If you want the truth to go round the world you must hire an express train to pull it; but if you want a lie to go round the world it will fly; it is as light as a feather, and a breath will carry it. C.H. Spurgeon

A reader wrote me the other day complaining the local paper will not print the truth. She was writing in response to my column on Gossip. I’m glad she wrote, for truth is very important. I don’t know of any religion where truth isn’t given priority. That begs the question, of course: What is truth?

Some truth is easy to figure out. 2 + 2 = 4 is a true statement (using base-ten arithmetic). You can use pencil and paper, an abacus, a calculator, or apples and oranges, and the results will always be the same: Two plus two equals four.

Many times, though, it is harder to pin down what is true. Let me give you a silly example. I can look outside and tell you it is partly cloudy as I write this. A person sitting next to me can say it is partly sunny. Who is telling the truth?

At this point you, the reader, will have several options. You can side with me because you know my powers of observation are impeccably accurate. You can side with my neighbor because you know you can’t trust anyone who writes for the paper. You can discount the issue entirely because it simply doesn’t matter to you whether it is partly cloudy or partly sunny – you are reading this well after the fact.

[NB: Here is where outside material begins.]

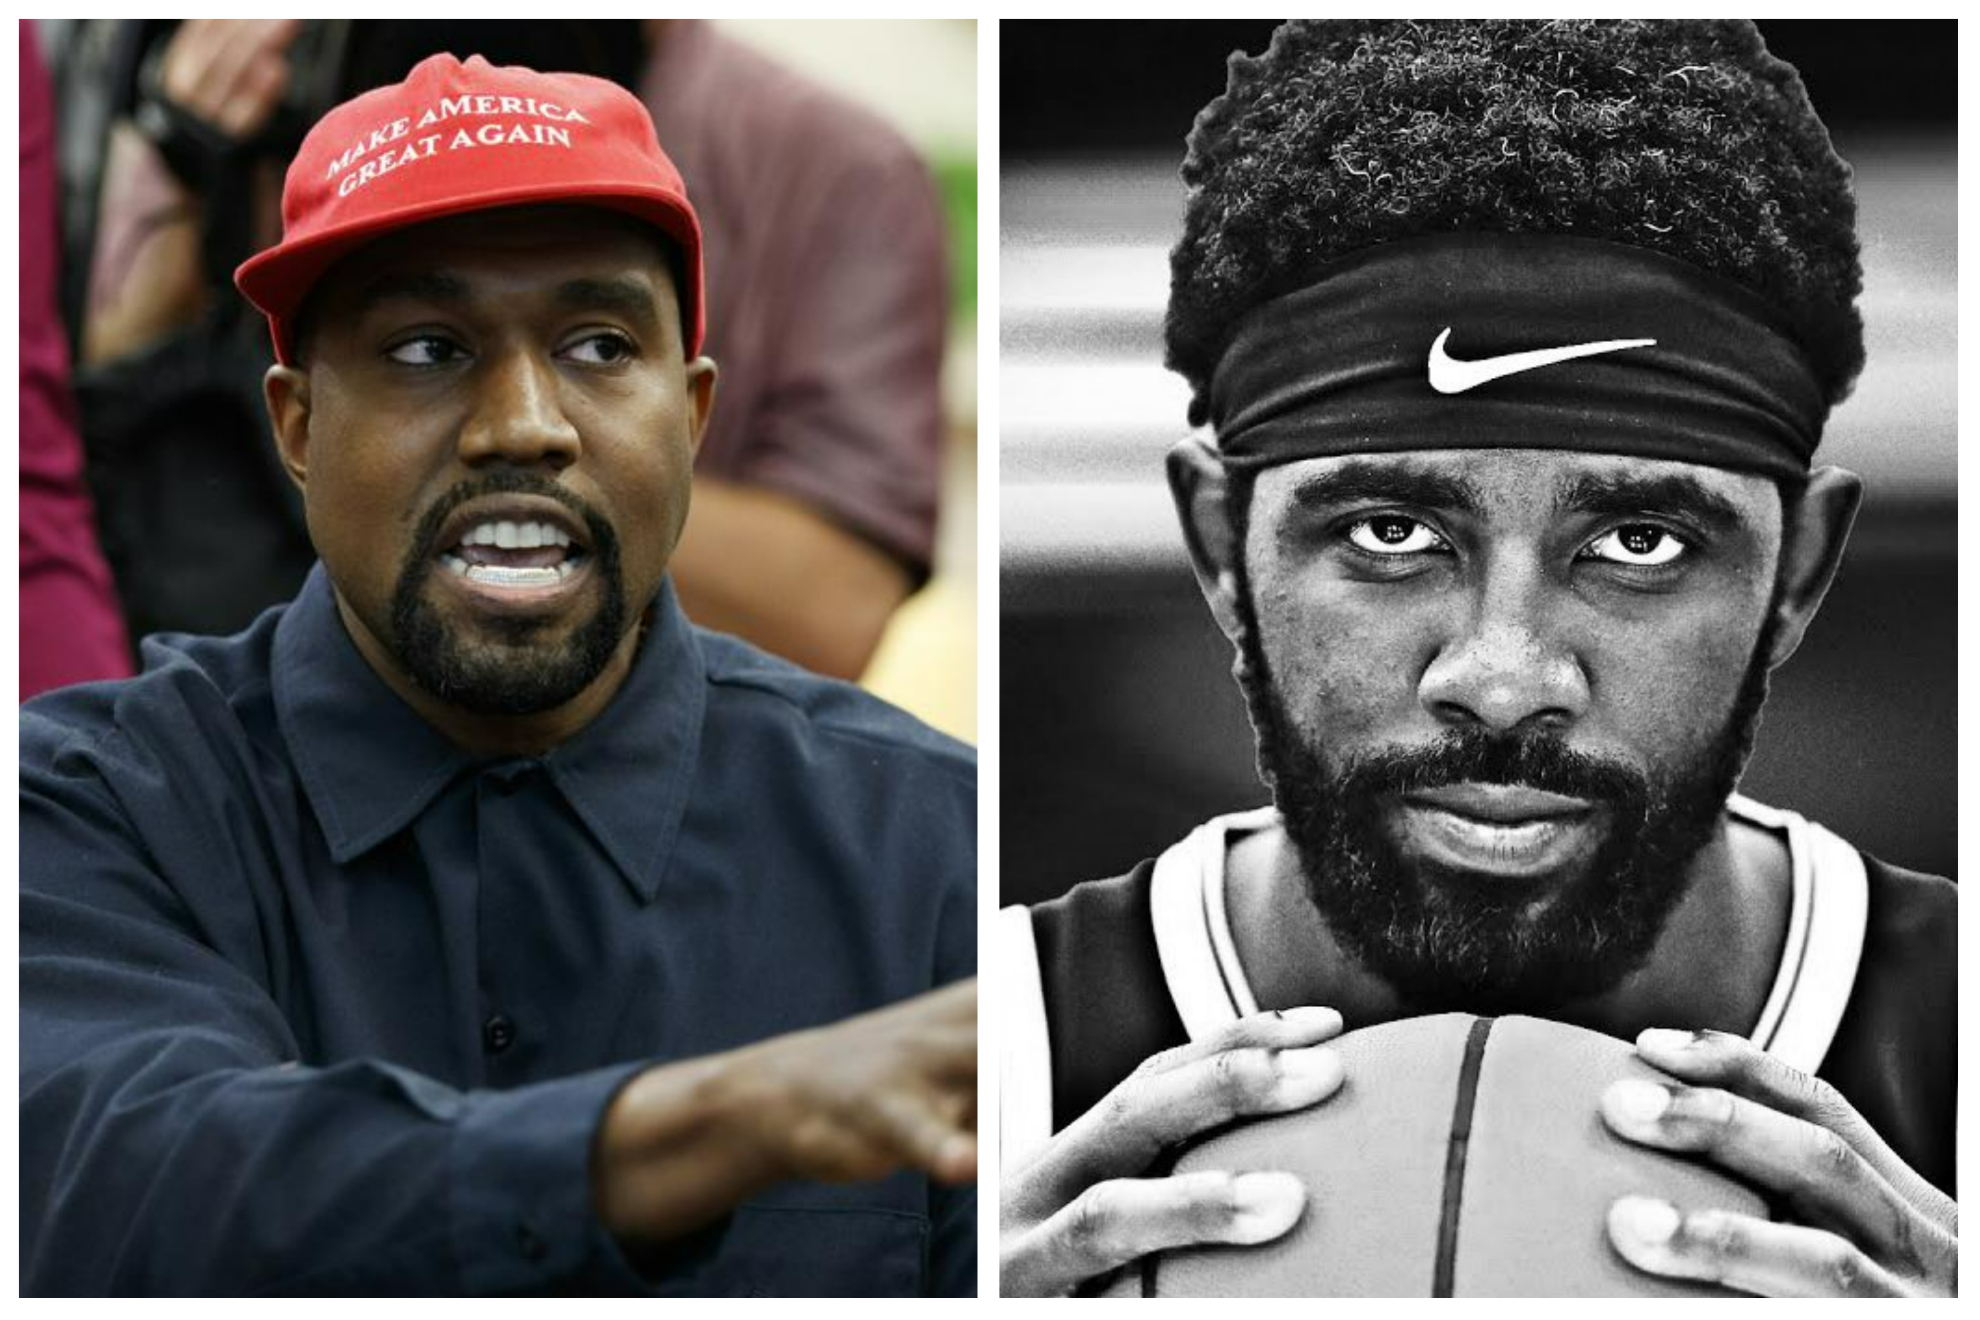 Kanye West posted a picture of Kyrie Irving with no caption on his Twitter feed.

Or you can avoid making a judgment because you haven’t got all the facts in hand. You don’t know what I consider “partly cloudy” or what my neighbor considers “partly sunny.” You don’t have a view of the sky I am looking at (and it is changing as I am writing). Absent corroborating testimony and evidence, you are wise to abstain from reaching a judgment in the matter; after all, there is no shame in not knowing, and there is a certain kindness offered to both parties when you exercise the grace of ignorance.

We would like to think there is an objective truth – at least with regards to matters more important than the weather – but life is generally far too messy for that.

We see things, and we trust what we see (unless we’re watching a magic show), and yet we also know witnesses are notoriously inaccurate in their recollections and reports. They are affected by internal factors, such as the pumping of adrenaline in the face of stressful events; they’re affected by external factors, such as lighting, and their location in relation to the event they’re witnessing; and they can be affected by a whole host of other factors, such as their relationships with the other parties, or by what they have to gain or lose by giving their testimony.

In the face of all of this, can one ever know the unvarnished truth about anything?

The short answer is “no”. We can judge the evidence, reach conclusions, and make decisions to the best of our abilities, but we should recognize that only God knows the truth, the whole truth, and nothing but the truth – about anything and everything. The rest of us, not being God, will always fall short. We just need to be humble enough to appreciate that even when we think we know the truth, we could be wrong.

At least that’s what I think in this, our partly cloudy (partly sunny) world.